United States District Court, D. Rhode Island

December 17, 2018

WAI FENG TRADING CO. LTD, and EASTERN FOUNDRY & FITTINGS, INC., Plaintiffs,
v.
QUICK FITTING, INC., Defendant. QUICK FITTING, INC. Plaintiff,
v.
WAI FENG TRADING CO., LTD., EASTERN FOUNDRY & FITTINGS, INC., EASTERN FOUNDRY AND FITTINGS, LLC, NINGO EFF MANUFACTORY CO, LTD., f/k/a/ NINGO W&F MANUFACTORY CO., LTD., WAI MAO COMPANY, LTD., CIXI CITY WAI FENG BALL VALVE COMPANY, LTD., W&F MANUFACTURING, and CHI YAM “ANDREW” YUNG, Defendants.

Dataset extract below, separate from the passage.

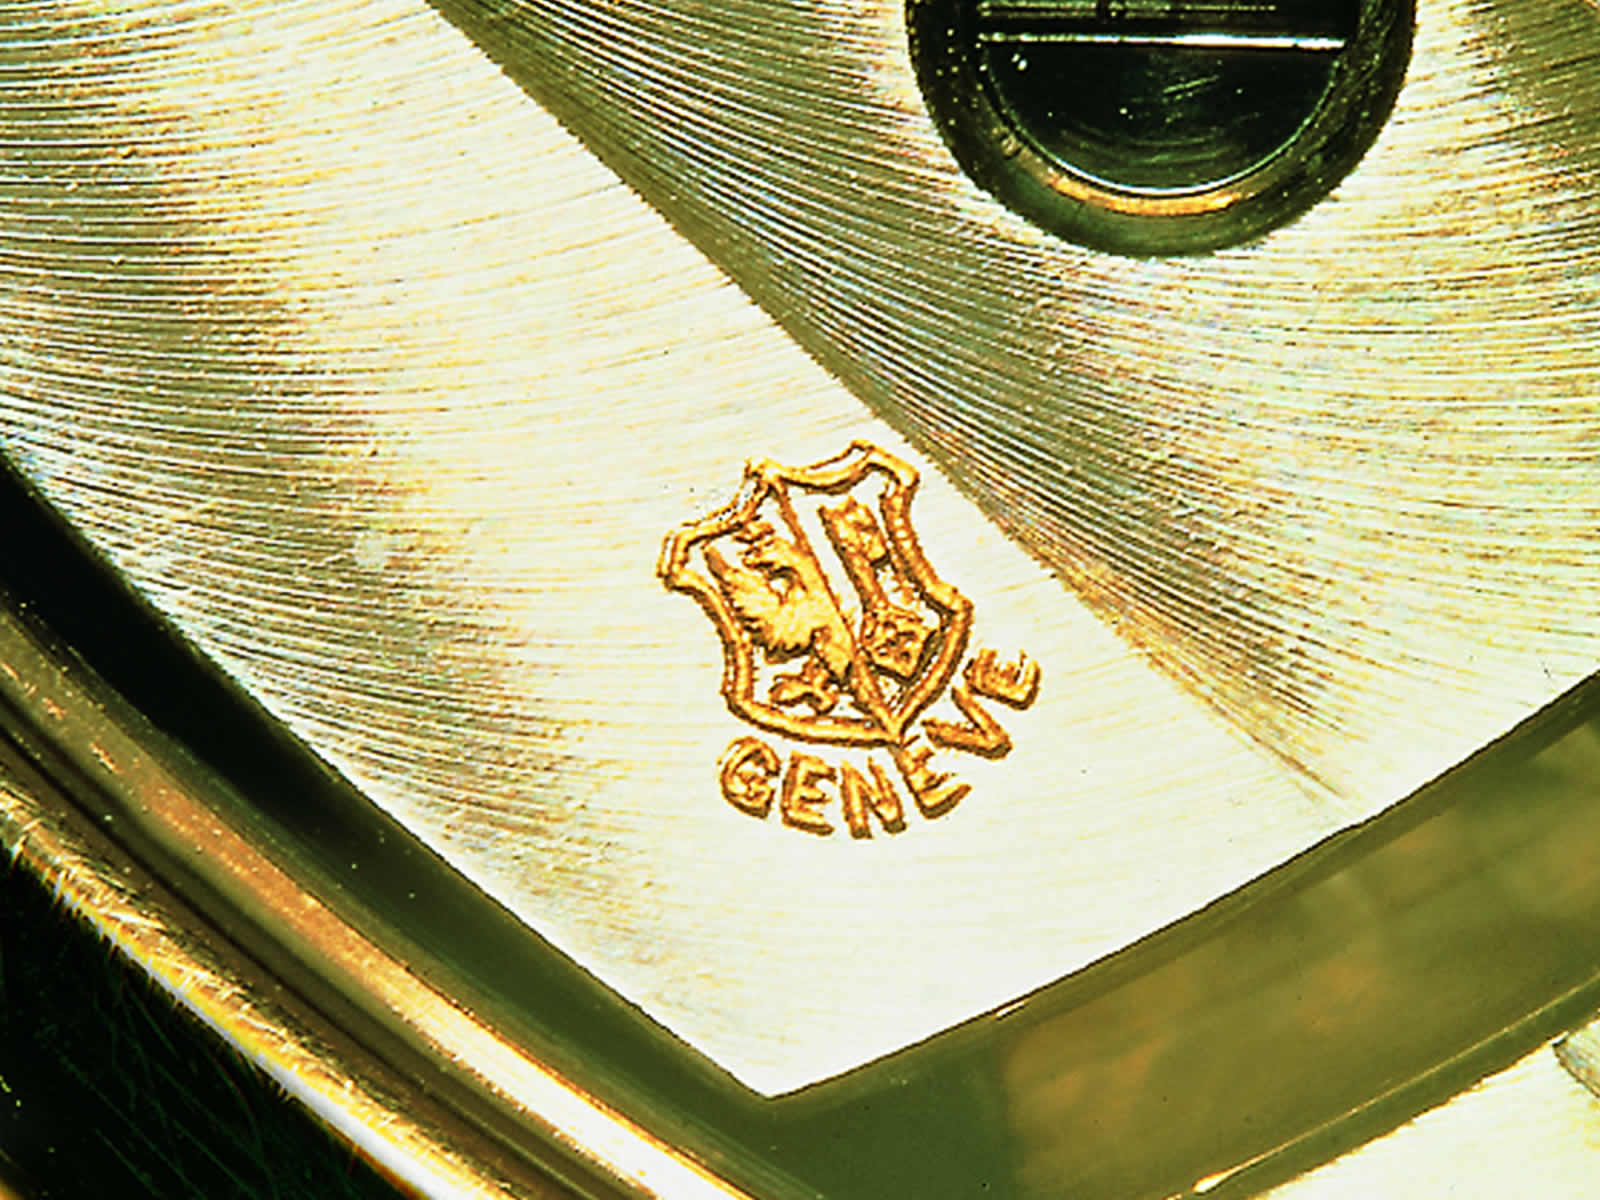 geneva-seal-hallmark-of-geneva-patek-philippe-seal-10-.jpg
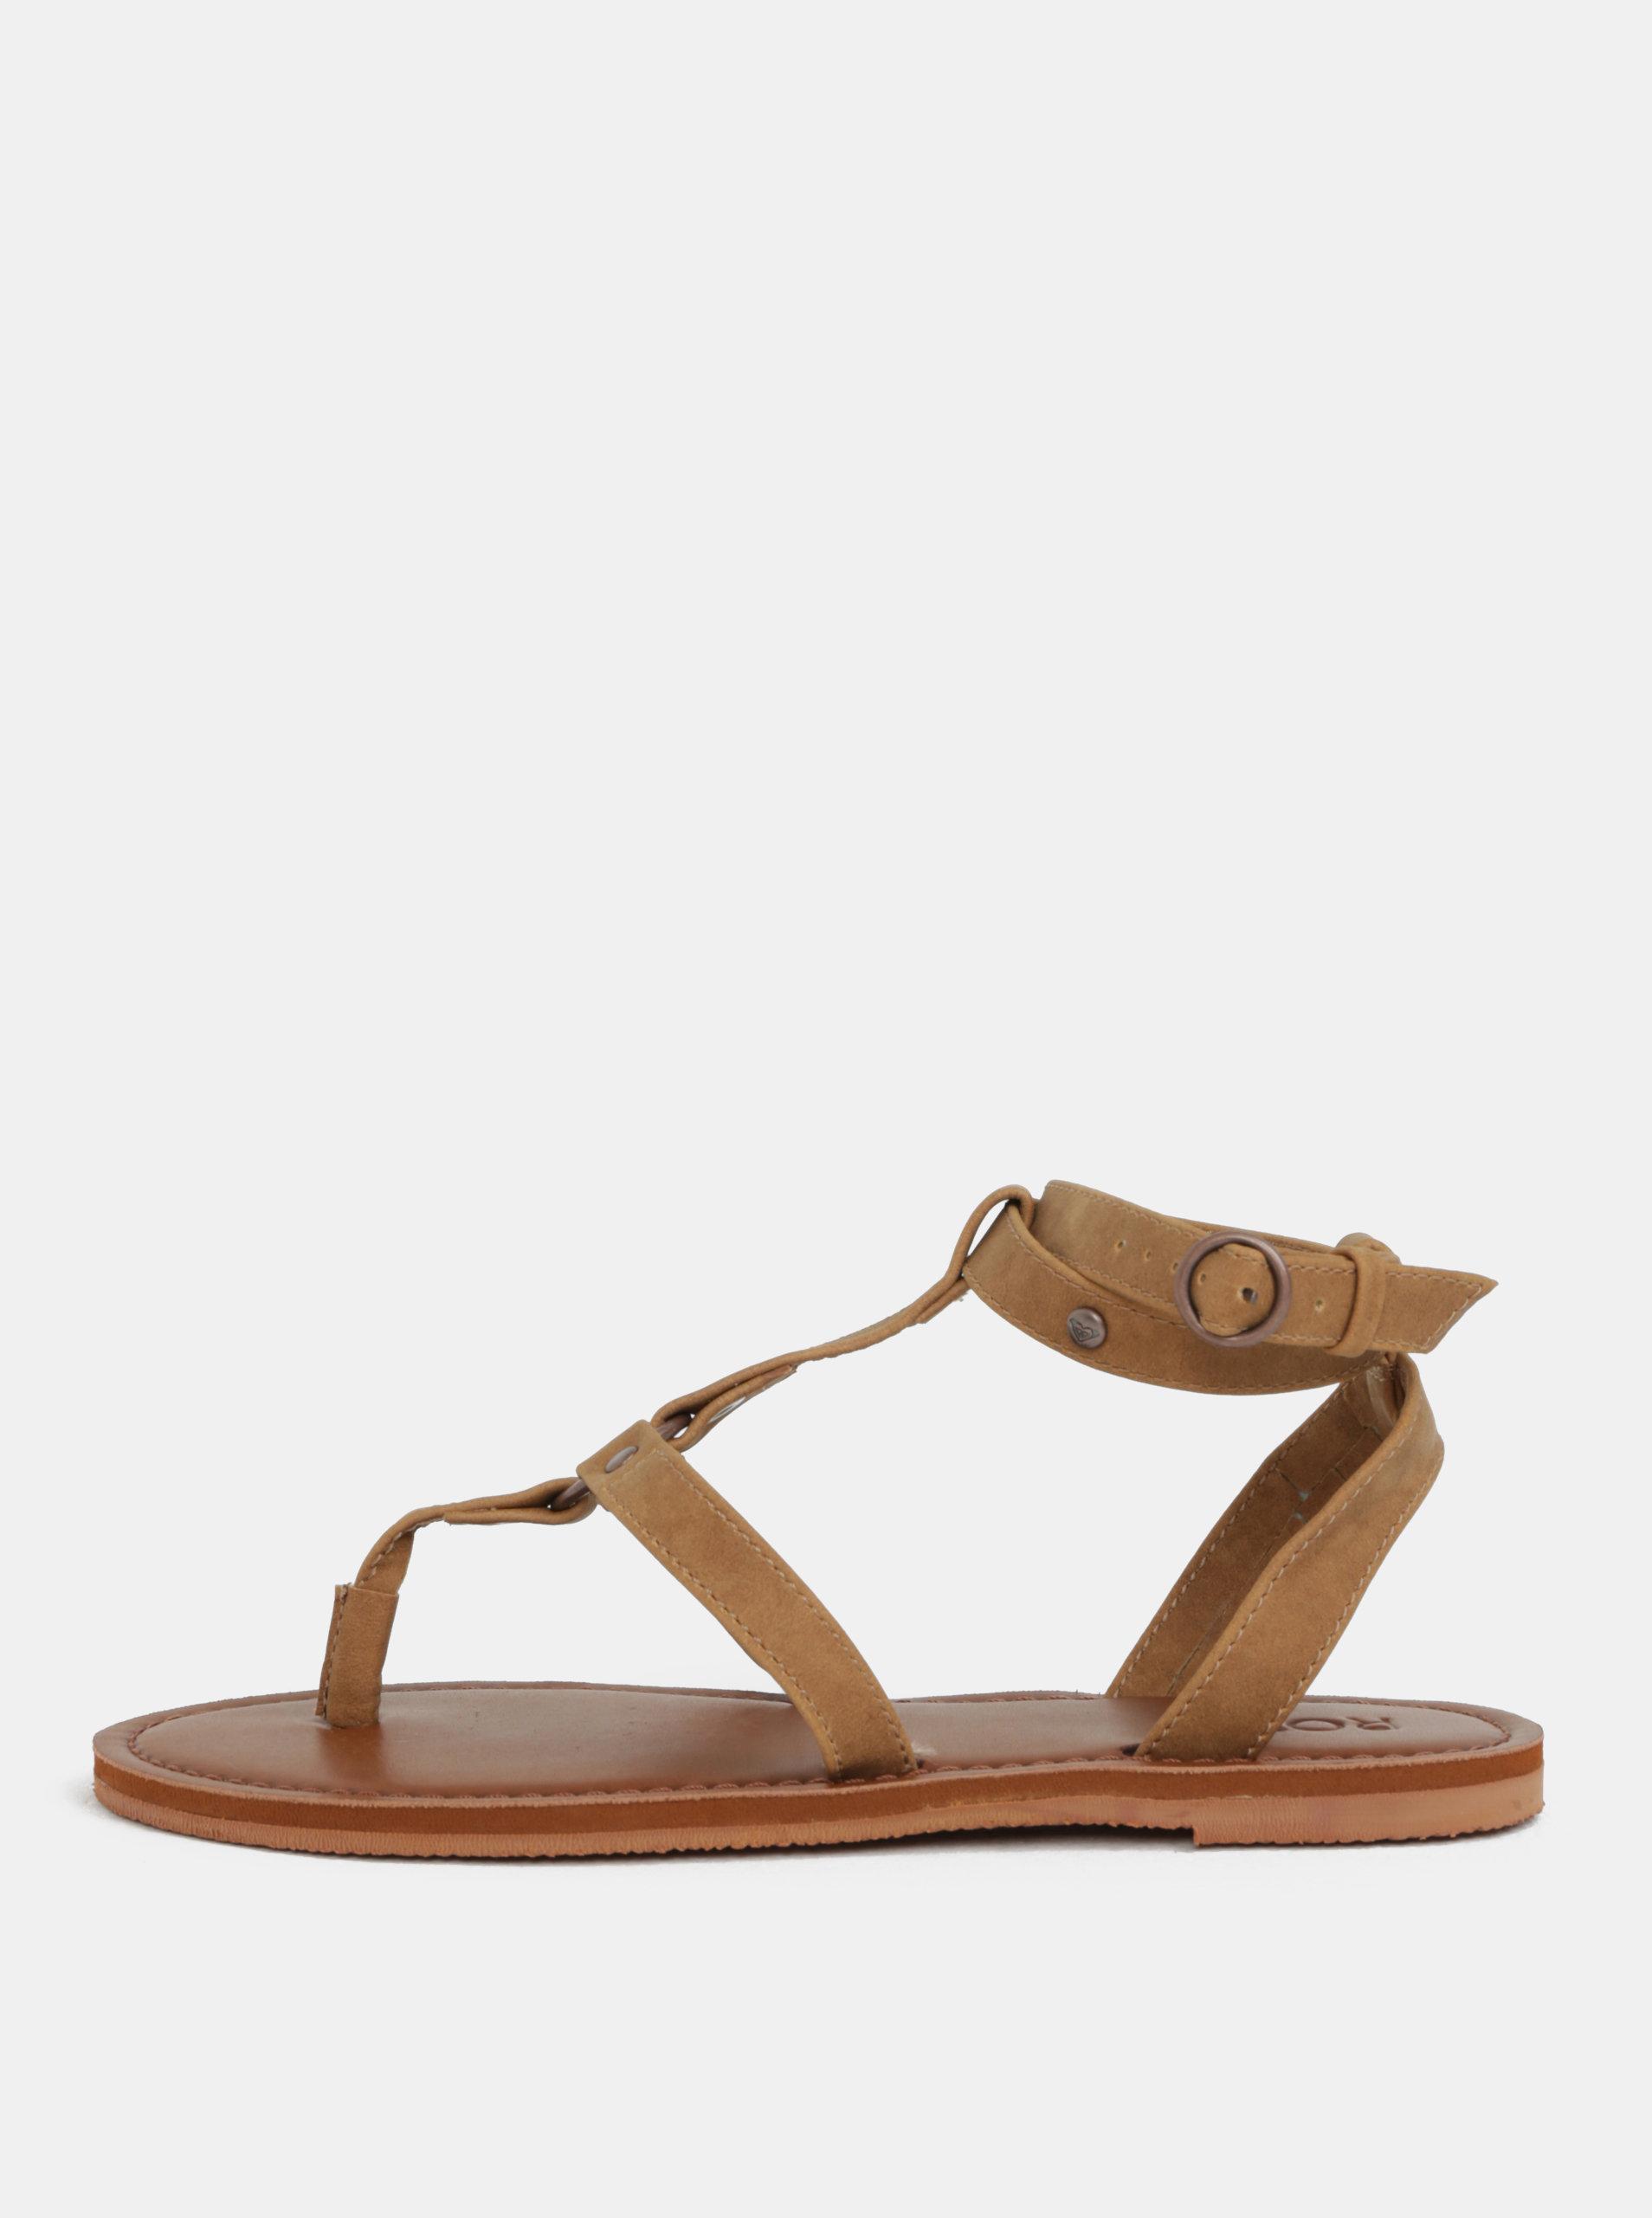 Hnedé dámske sandále Roxy Soria ... b69a4a53c1

          MEMORANDUM AND ORDER

          PATRICIA A. SULLIVAN, UNITED STATES MAGISTRATE JUDGE.

         Pending before the Court for determination in these consolidated cases[1] are the following motions, all filed by the Wai Feng parties:[2]

1) Motion to Strike Quick Fitting's “Statement of Counter-Facts” and to Deem Admitted their Undisputed Facts (ECF No. 181);
2) Motion to Exclude David Crompton's Expert Testimony (ECF No. 183);
3) Motion to Strike Quick Fitting's Amended Statement of Undisputed Facts (ECF No. 184);
4) Motion to Strike the Second Affidavit of David Crompton (ECF No. 206);
5) Motion to Strike Quick Fitting's New “Combined Statement of Additional Undisputed Facts, ” and its “Combined Statement of Responsive Disputed Facts” and to Deem Admitted their Undisputed Facts (ECF No. 207); and
6) Wai Feng Trading and EFF Manufactory's Motion to Strike Quick Fitting's Reply Statement Disputing Additional Facts and to Deem Admitted Their Additional Undisputed Facts (ECF No. 217).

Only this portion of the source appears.